Subsidising fossil fuels contradicts EU’s climate objectives

Europe's World

Climate & Energy

Picture of Wendel Trio
Wendel Trio

Director of Climate Action Network Europe

A decade ago, EU member states committed to phasing out fossil fuel subsidies by 2025. However, as of today, not a single EU country has spelled out a plan to phase out public funding for fossil fuels. This is despite the climate emergency the world is facing, and the mass demonstrations led by school children calling on governments to take radical action to cut greenhouse gas emissions.

Fossil fuel subsidies distort markets and disincentivise investments in renewable energy and energy efficiency. They impose large fiscal costs on governments and drain scarce financial resources away from required investments into the decarbonisation of all sectors of the economy. In addition, they negatively impact local environments, water sources and cause illness and premature deaths due to local air pollution and heightened congestion.

These subsidies can take different shapes: direct funding, preferential treatments, or tax breaks in most of the cases. They always stem from the same source: taxpayer money.

Despite their various commitments, EU countries continue to subsidise the production and consumption of oil, gas, coal and fossil fuel-based electricity

Unfortunately, not a lot of Europeans are aware that their tax money feeds the fossil fuel industry, in ways that exacerbate the effects of climate change and its dreadful impact on citizens and the environment. Nor do governments pay enough attention to the article 2.C of the Paris Agreement where all parties have committed to “make finance flows consistent with a pathway towards low greenhouse gas emissions and climate-resilient development.”

Putting an end to fossil fuel subsidies should be the first step to redirect financial flows towards the clean energy transition. Yet, European Union member states still turn a blind eye on the pledge they made ten years ago to gradually remove subsidies to fossil fuels.

Despite their various commitments, EU countries continue to subsidise the production and consumption of oil, gas, coal and fossil fuel-based electricity. In January 2019, the European Commission estimated fossil fuel subsidies provided by EU governments at €55bn per year between 2014 and 2016, “implying that EU and national policies might need to be reinforced to phase out such subsidies”.

Analysing the information provided in the draft NECPs of the 28 member states found that a number of the plans made no mention of fossil fuel subsidies at all

Previous research published by the Overseas Development Institute (ODI) and Climate Action Network (CAN) Europe suggests the total amount of subsidies might be even greater than what is captured in the European Commission report. Including public finance institutions and state-owned enterprises, the total support to the fossil fuel industry by 11 EU member states, the EU budget and EU public banks was estimated to be €112bn per year between 2014 and 2016.

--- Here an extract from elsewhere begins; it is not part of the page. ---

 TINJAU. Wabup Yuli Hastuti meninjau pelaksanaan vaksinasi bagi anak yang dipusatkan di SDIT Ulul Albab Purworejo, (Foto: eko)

To govern the EU’s climate and energy policies and ensure the climate, renewable energy and energy efficiency targets are reached by 2030, the EU has established a planning, monitoring and reporting system called the Energy Union Governance Regulation. Under this framework, member states are obliged to submit National Energy and Climate Plans (NECPs), which must be finalised by the end of this year. Recognising the ongoing challenges of ending support for fossil fuels, this regulation requires governments to report on current levels of energy subsidies as well as the “national policies, timelines and measures planned to phase out energy subsidies, in particular for fossil fuels”.

Most of the draft NECPs were published in December 2018. An expert review from September this year, analysing the information provided in the draft NECPs of the 28 member states, found that a number of the plans made no mention of fossil fuel subsidies at all, despite previous research that shows continued state support to oil, gas or coal. Bulgaria, Denmark, France, Hungary, the Netherlands and the United Kingdom claim no fossil fuel subsidies at all in their countries. This despite the fact the European Commission, for instance, found that the UK provides €12bn each year the fossil fuel industry through tax breaks and budgetary transfers alone, more than any other EU state.

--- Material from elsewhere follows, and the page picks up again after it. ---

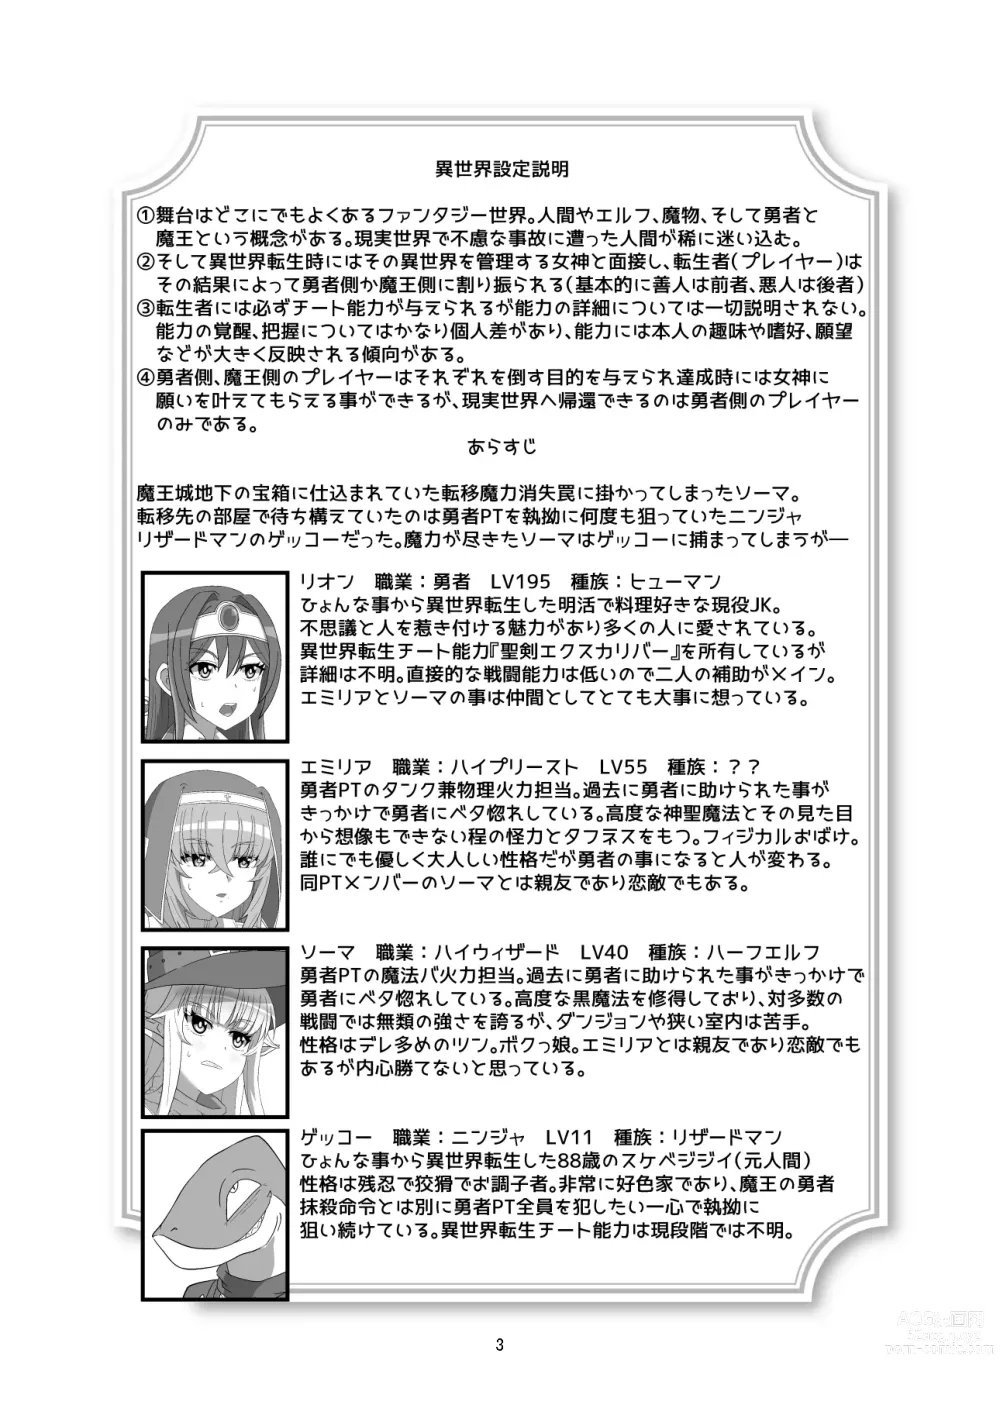 Page 2 of doujinshi Tokage no Shippo - Lizards Tail

Fossil fuel subsidies clearly stand in the way of climate action

The draft NECPs reveal that not only do EU countries plan to maintain many existing fossil fuel subsidies, the United Kingdom, Germany, Greece, Poland, and Slovenia even plan to introduce new such measures by 2030. For instance, Greece mentions that it will introduce  subsidies aimed at replacing diesel boilers with fossil gas-fired boilers, while Poland intends to subsidise underground gas storage and the use of liquified natural gas for transport.

Member states ought to list all existing subsidies to fossil fuels, and provide comprehensive phase-out plans in their final NECPs due by the end of this year, as requested by the European legislation governing the 2030 climate and energy framework.

Fossil fuel subsidies clearly stand in the way of climate action. By ending these costly and counterproductive measures, governments can instead free up the necessary resources to support the clean energy transition, which is imperative if European countries are to comply with the Paris Agreement goals and give the world a chance to limit temperature rise to 1.5°C.